My waiting list is multifaceted, as I’m sure yours is. It includes:

  • Waiting on news about loved ones who are critically ill
  • Waiting to see if my new pain medication will work
  • Waiting for genetic testing results to come back
  • Waiting to see a range of specialists to determine next steps in treating my debilitating and disabling disease symptoms particularly my severe spinal stenosis.
  • Waiting to find out the outcome of awards I’ve been nominated and short-listed for.
  • Waiting every day to hear and feel the snap of a new bone fracture occurring
  • Waiting to see what coronavirus will do next

There are a few others I could add, but you get the idea. It’s a complex list and it affects me physically and emotionally. I’ve said before I don’t generally experience depression or anxiety, but there are things on my waitlist which can’t help but make me feel the gamut of emotions, ranging from fear to excitement.

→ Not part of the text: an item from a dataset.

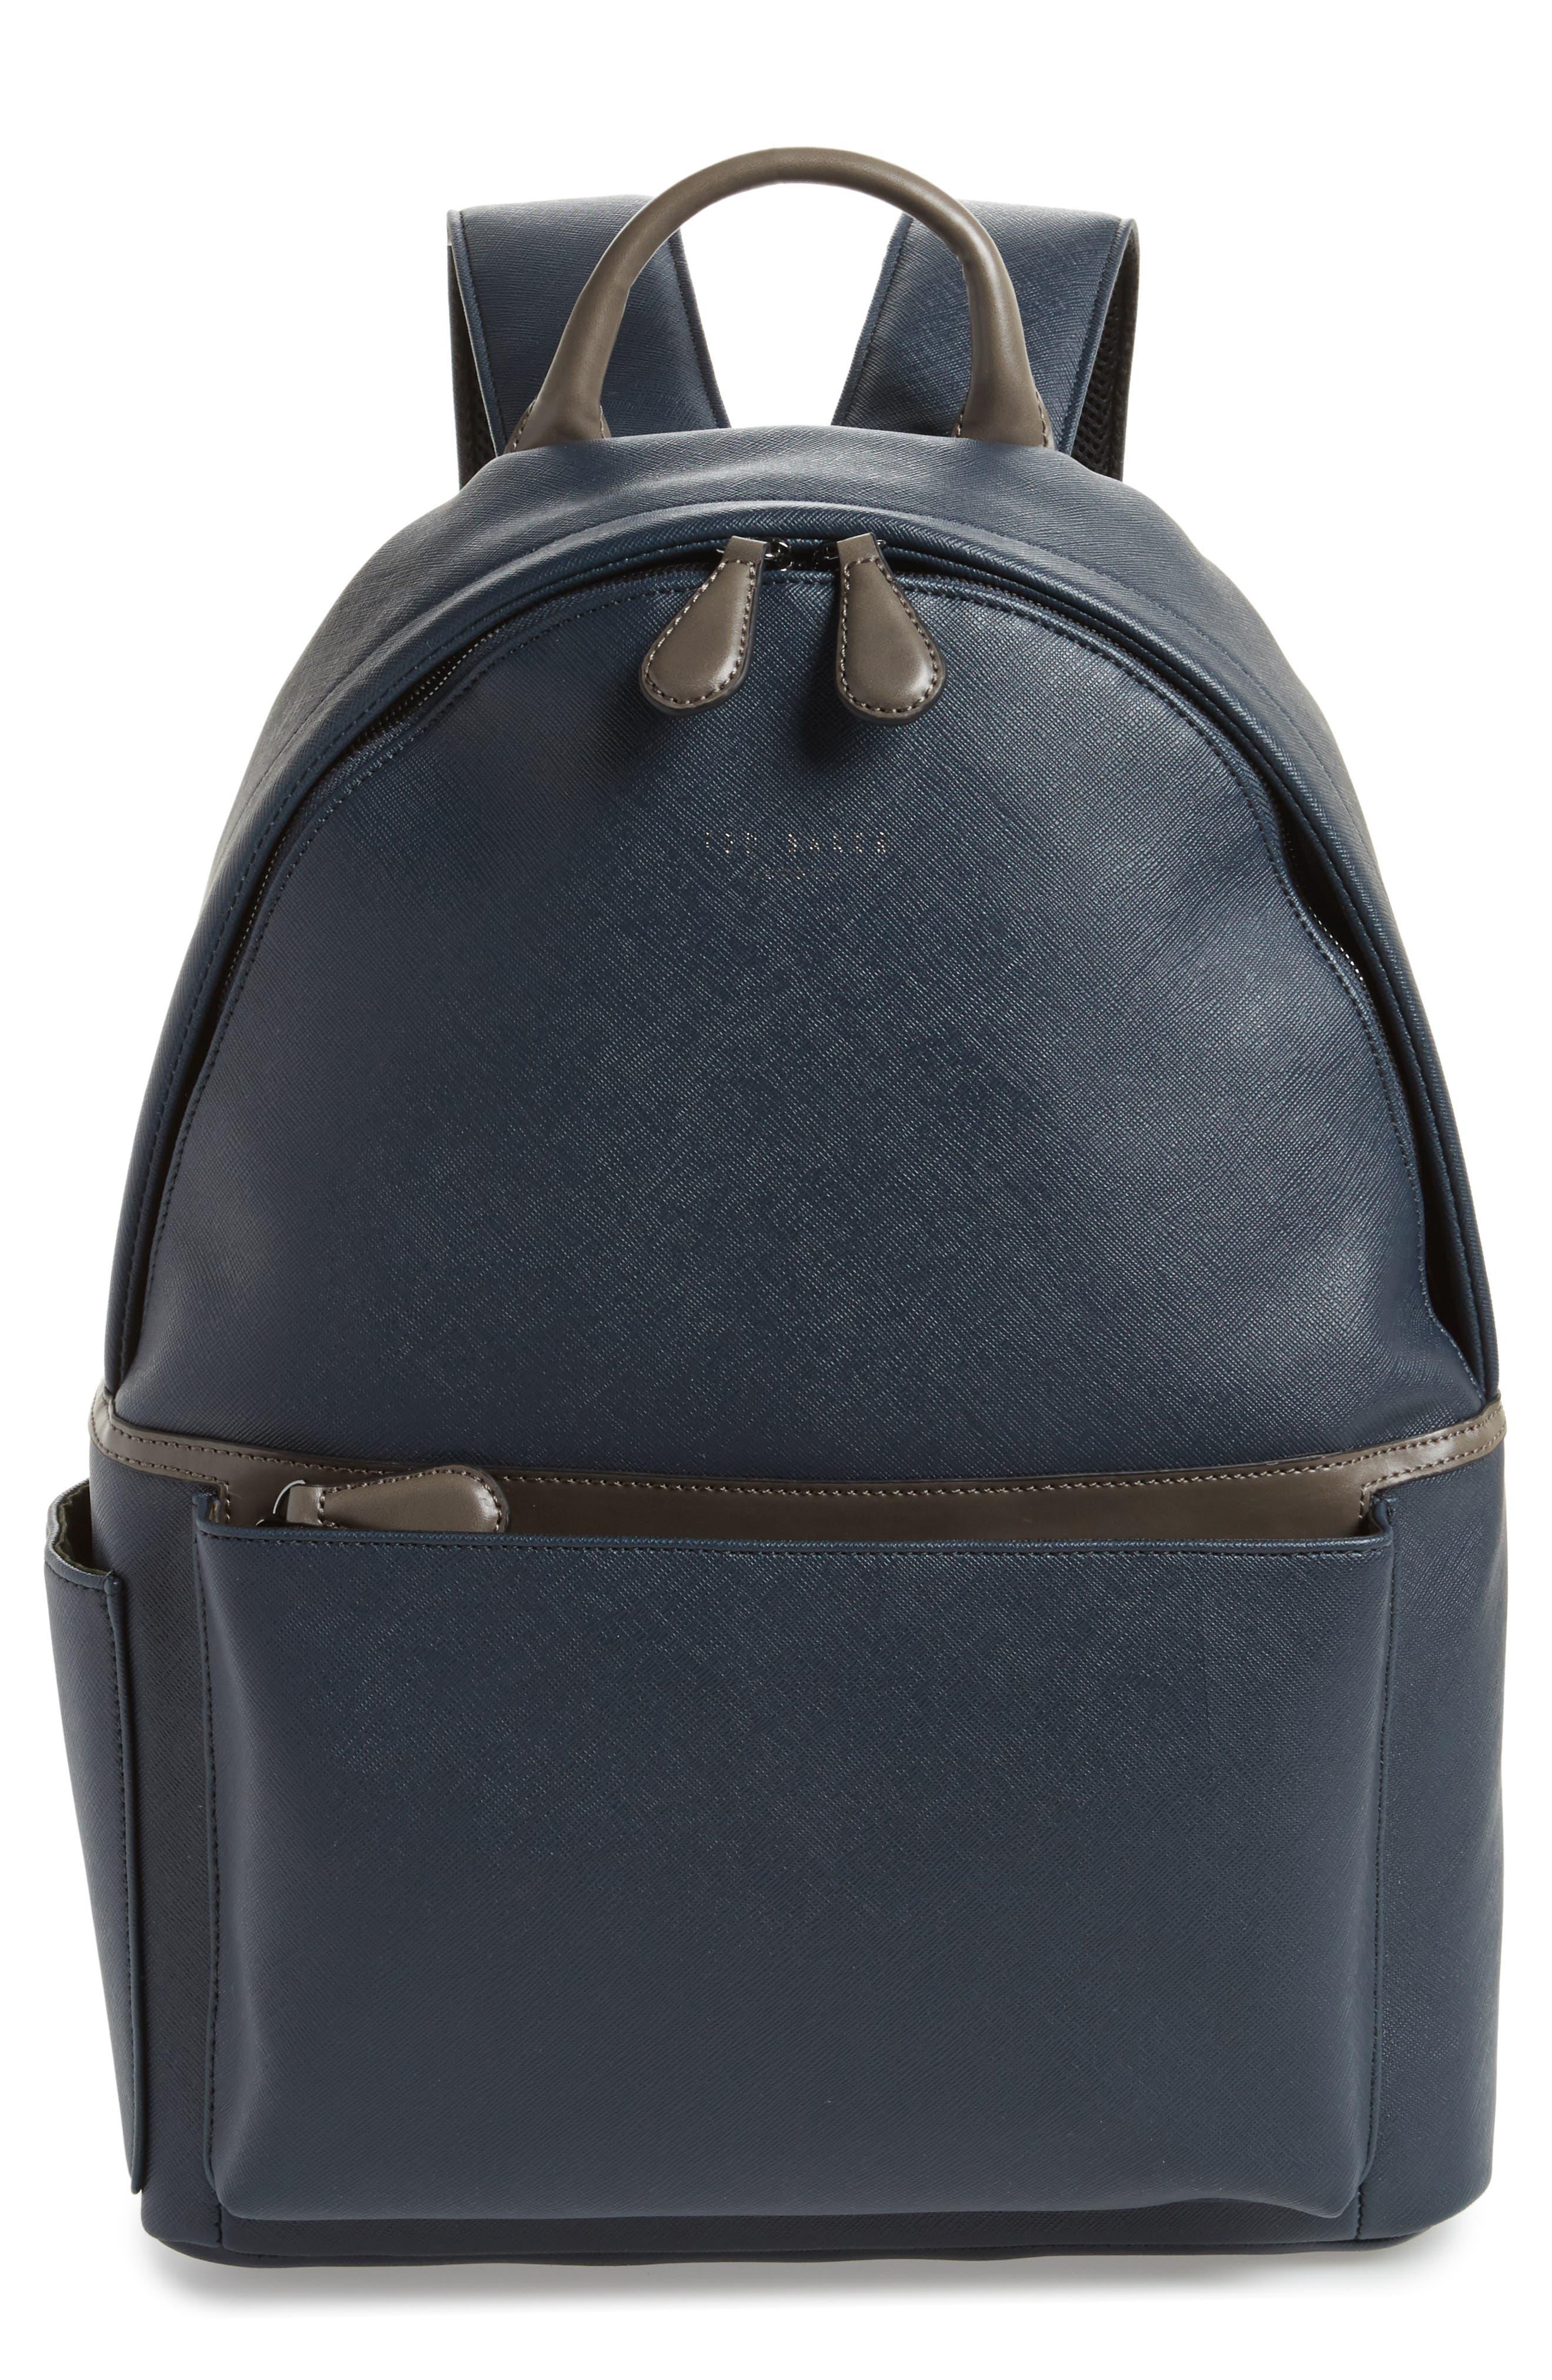 Baarley Backpack,                             Main thumbnail 1, color,                             Navy

To tell someone not to worry when a loved one is critically ill, or they have a waiting list longer than chapters in an epic novel, is not helpful. We worry out of love and concern for others, and due to the fear of loss for ourselves. It’s a valid response and it requires understanding and support. It’s the same if we are waiting for test results to confirm a diagnosis. The fear of loss and fear of change are normal responses.

There is a beautiful song by Guy Sebastian called “Standing With You.” The lyrics sum up perfectly what I mean when I say telling someone not to worry is not what’s needed when life is overwhelming.

“The more I tell you you can do this
The more you tell yourself you’re useless
Any advice right now is fruitless
You’re somewhere only you can go
I won’t pretend to know, so

Instead of telling you you’ll be alright
I’m just gon’ be that someone by your side
Yeah let me be that distant satellite
A constant in the sky

Cause I’m standing with you tonight
Yeah I will be that voice in your ear
Quietly destroying your fear
You won’t even know that I’m here
But I’m standing with you tonight
Oh I will be the pill for your pain
Until the clouds have run out of rain
Close enough but just out of sight
I’m standing with you tonight.”

Waitlists can conjure a roller coaster of emotions, reactions and attitudes. We need to find a way to hold on tight and find ways to equip ourselves for the ride.

Holding on to the Waitlist Rollercoaster Ride

Coping mechanisms for stress and anxiety often do come in a handbook. However, they can feel so generalized and scripted. The writer of the self-help booklet is not necessarily someone who has experienced your debilitating chronic illness, so you may find it hard to connect to the messages trying to be relayed. I don’t profess to have all the answers. I can only share my own experiences and my tips for coping. Sometimes they work, sometimes they don’t, so I regularly need to review and tweak my approach.

At the moment I feel a little like I’m treading water, so I’m implementing a few strategies to place my waitlist into perspective. I need to reconnect with things in my life not reliant on the wait being over.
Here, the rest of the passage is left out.